The Ranji Trophy (also known as Mastercard Ranji Trophy for sponsorship reasons) is a domestic first-class cricket championship played in India between multiple teams representing regional and state cricket associations. Board of Control for Cricket in India founded it in 1934, since then it is annually organised across various grounds and stadiums in India. 

The competition currently consists of 38 teams, with all 28 states in India and four of the eight union territories having at least one representation. When it started it was named as 'The Cricket Championship of India', in 1935 it was renamed after Ranjitsinhji who was the first ever Indian who played international cricket, he played for England from 1896–1902. 

The Mumbai cricket team is the most successful team of the tournament by winning it record 41 times.  

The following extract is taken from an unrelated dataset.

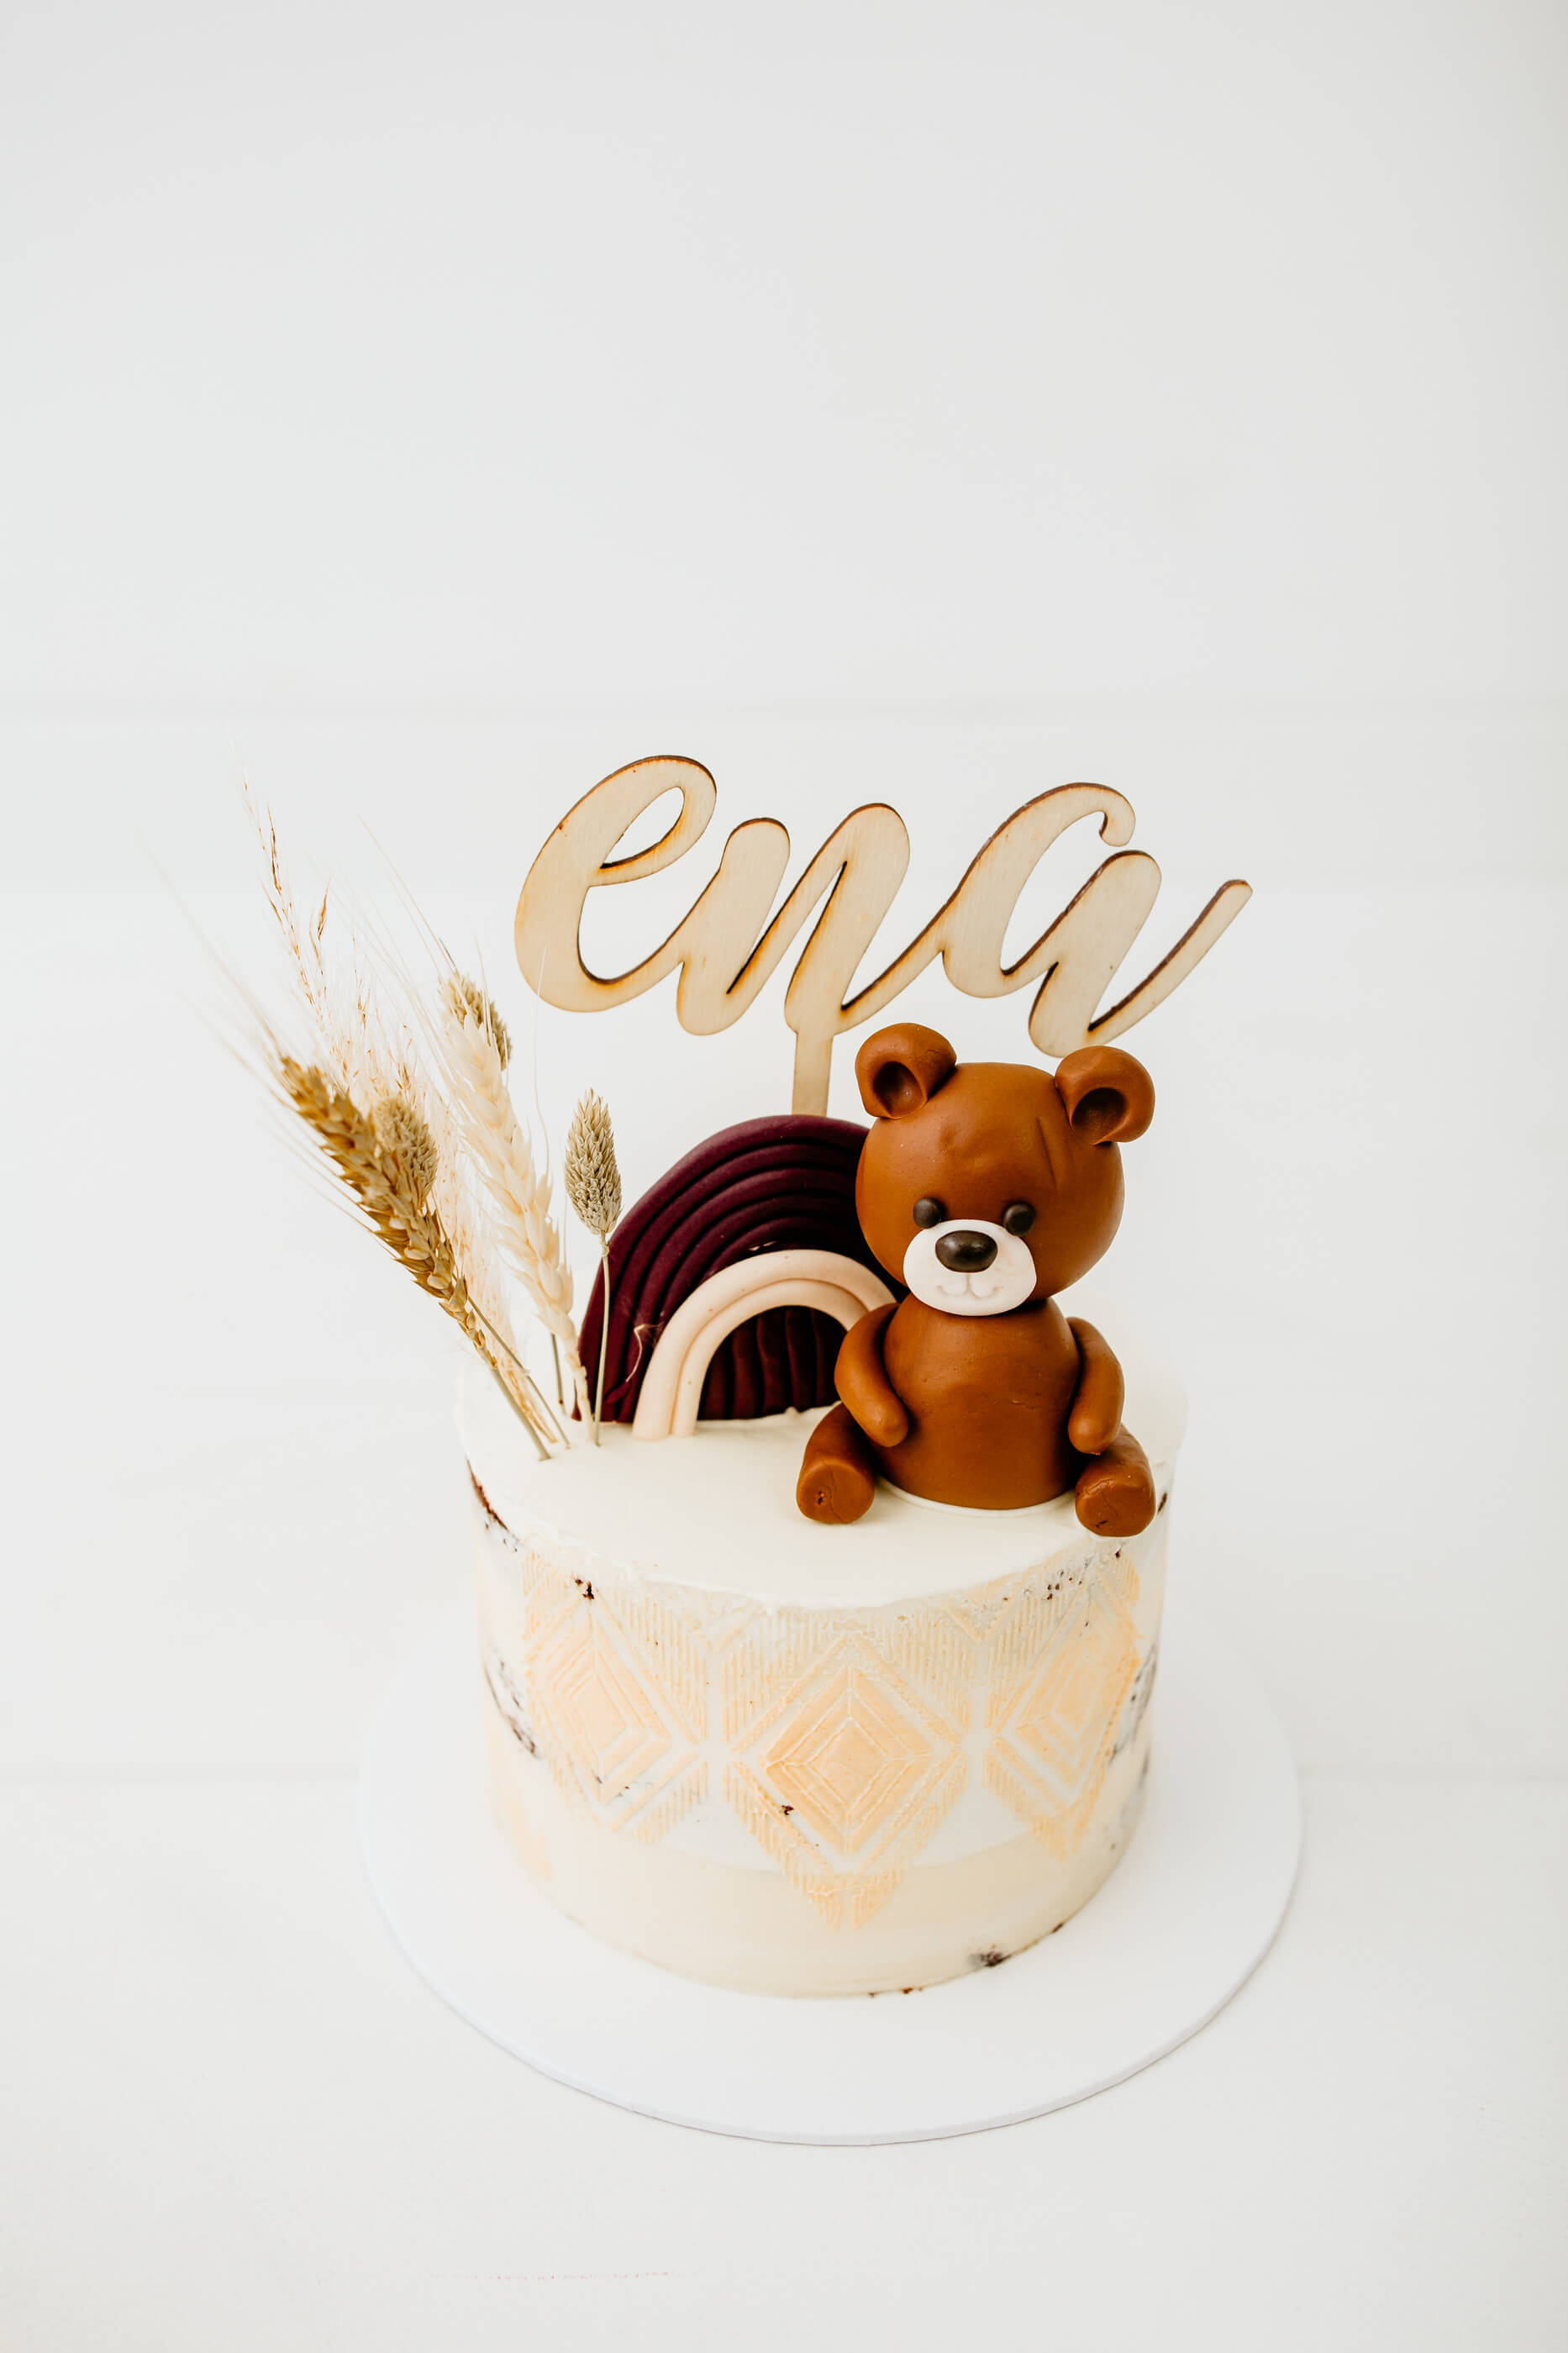 Cake smash- Luanina pravljica - fotografiranje nosečnic, novorojenckov, druzinic, nosecniska fotografija 14

Saurashtra cricket team is present title holder by winning 2022-23 Ranji Trophy. It defeated  Bengal cricket team in the final.

History 

The idea of national level first class championship was proposed by BCCI's founder A.S. De Mello.   
The competition was launched following BCCI's meeting at Shimla in July 1934, with the first fixtures taking place in 1934–35 .Initially the tournament was named as 'The cricket championship of India', it later was renamed.  The trophy was donated by Bhupinder Singh, the Maharaja of Patiala in memory of Kumar Shri Ranjitsinhji, Jam Sahib of Nawanagar who had died the previous year. The first match of the competition was held on 4 November 1934 between Madras and Mysore at the Chepauk ground in Madras (Now Chennai). Mumbai (Bombay) have won the tournament the most times with 41 wins including 15 back-to-back wins from 1958–59 to 1972–73. 

In 2015 Paytm became the first company to hold the tournament's title sponsorship right by virtue of BCCI's title sponsorship deal.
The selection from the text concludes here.